Well, the Universe is still full of hot radiation, flying around and slamming into everything, including nearly equal amounts of both matter and antimatter. Nearly equal, but not quite. For every ten billion antiquarks, there are something like ten billion and six quarks, and for every ten billion positrons, there are ten billion and six electrons. And while all of this is going on, the Universe is expanding and cooling as it continues to age. Everything moves away from everything else, just like dots on the surface of a balloon.
(For those of you wondering just how far back in time I'm talking about, the Universe is about one femtosecond, or 10-15 seconds, old at this point.)

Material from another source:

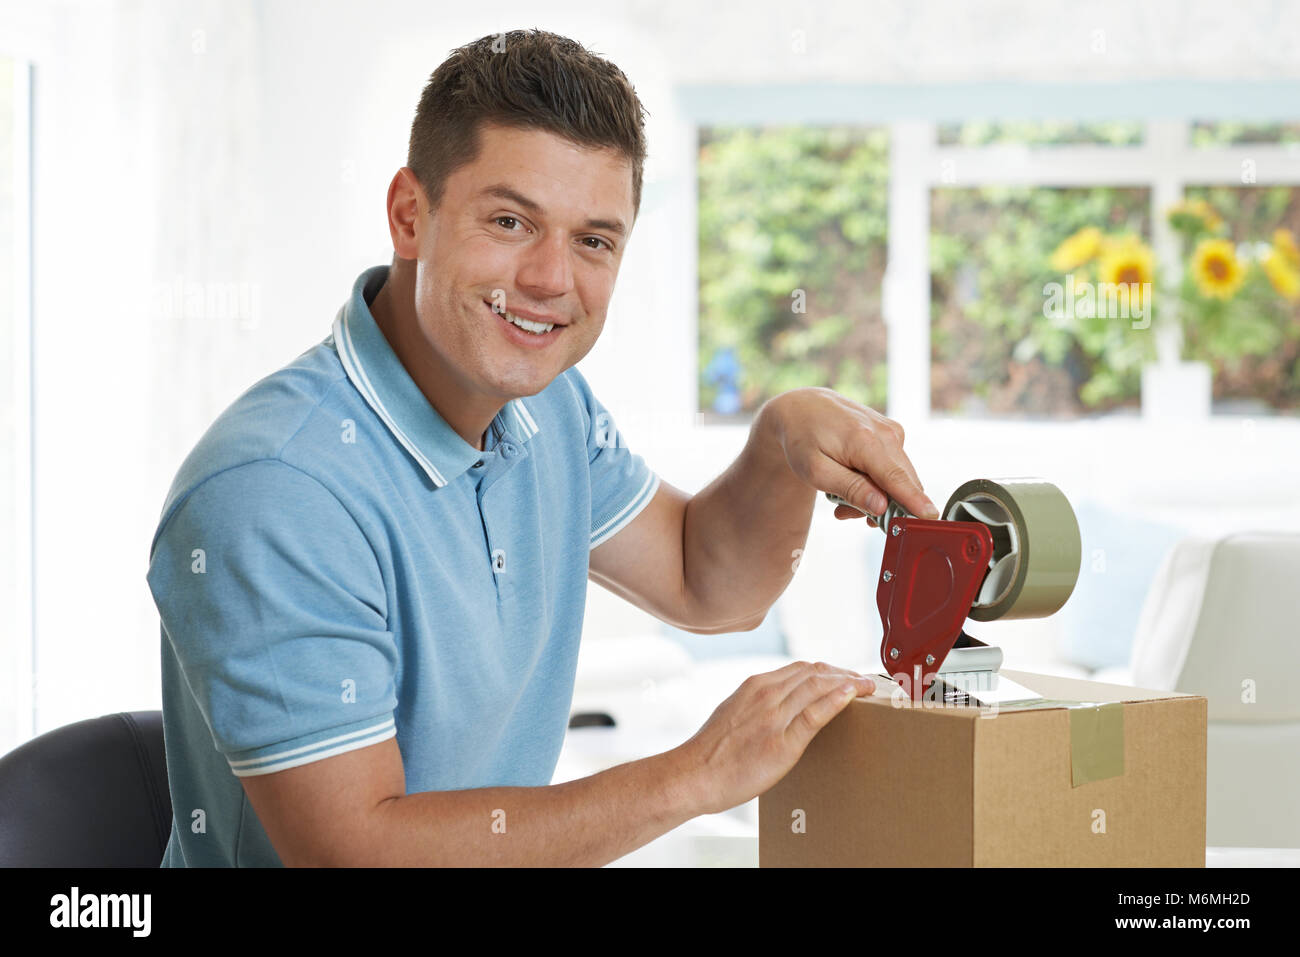 Portrait Of Man At Home Sealing Box For Dispatch Stock Photo

Well, what happens as the Universe expands and cools? Things smack into each other far less often, for one, because there's more space between them in general. And when they do smack into each other, because things are cooling in addition to expanding, they hit each other with less energy. Even though matter and antimatter are constantly running into one another and annihilating, what's not happening anymore as the Universe ages is that you're not making more matter and antimatter to replace what you're destroying; it's all becoming radiation. In other words, this happens.
And its counterpart, shown below, is no longer happening once the Universe gets cool enough.

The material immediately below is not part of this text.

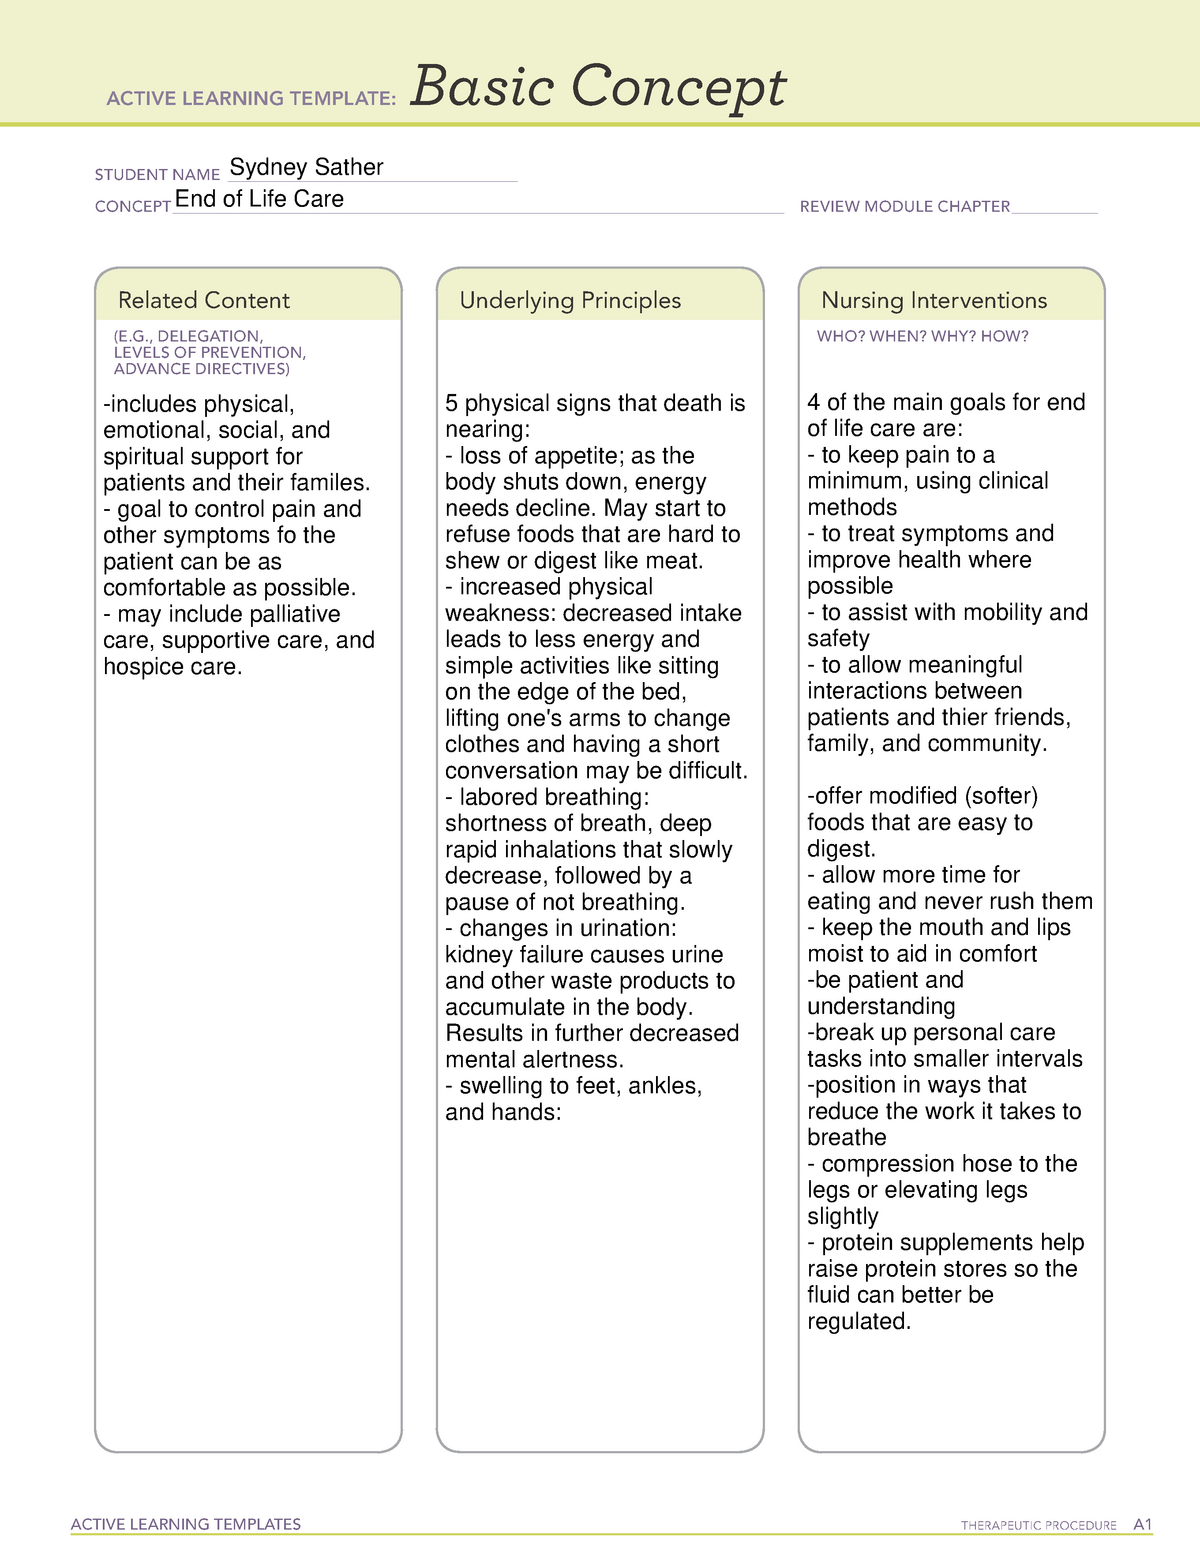 End of Life End of Life.pdf ACTIVE LEARNING TEMPLATES THERAPEUTIC

So instead of a fiery inferno, where everything is continuously blasted apart mere instants after it's created,
things are instead coming together a little more calmly. This means when two up quarks and one down quark get together, they can finally, when the Universe is about 10 microseconds old, form a stable proton. And when two down quarks and one up quark get together, they can form a stable neutron.
All told, the matter and antimatter has all annihilated away, and so our Universe is full of the radiation left over from that, and that tiny little excess of matter: protons, neutrons, and electrons. At this point, the Universe is still only one second old, and still hotter than the center of the Sun, but it looks an awful lot more like what you're used to!
So come back for part 7, where we'll see if we can't save these unstable neutrons from disappearing!
Physical Science
Comments
Ethan,
I think one interesting thing you're leaving out is the pressure of the universe...at least as a chemist, I'm interested in just how tightly packed together the matter that makes up the universe is at such early points in time. Is this something that has been calculated?
~Rich
Posted by: Rich | March 8, 2010 10:36 PM
So what you're saying is that were it not for inflation, there would not have been enough "cooling" (through expansion of space) to stop the constant, new creation of matter by gamma ray photons smacking into each other, and the matter's annihilation via particles and anti-particles hitting each other and creating gamma ray photons. Without inflation this 1:1 ferris wheel of matter into energy and energy back into matter would not have stopped. And inflation stopped it and let temps. cool enough to allow quarks to form stable nuclei.
Is that even close?
Posted by: Douglas Watts | March 8, 2010 11:48 PM
I think your being a bit human-centric in only discussing the role of baryonic matter, which so were told, makes up only a small part of all the matter in the universe. What about dark matter? Should you not be explaining it's role in the creation of the universe or do you have no confidence in CDM theory?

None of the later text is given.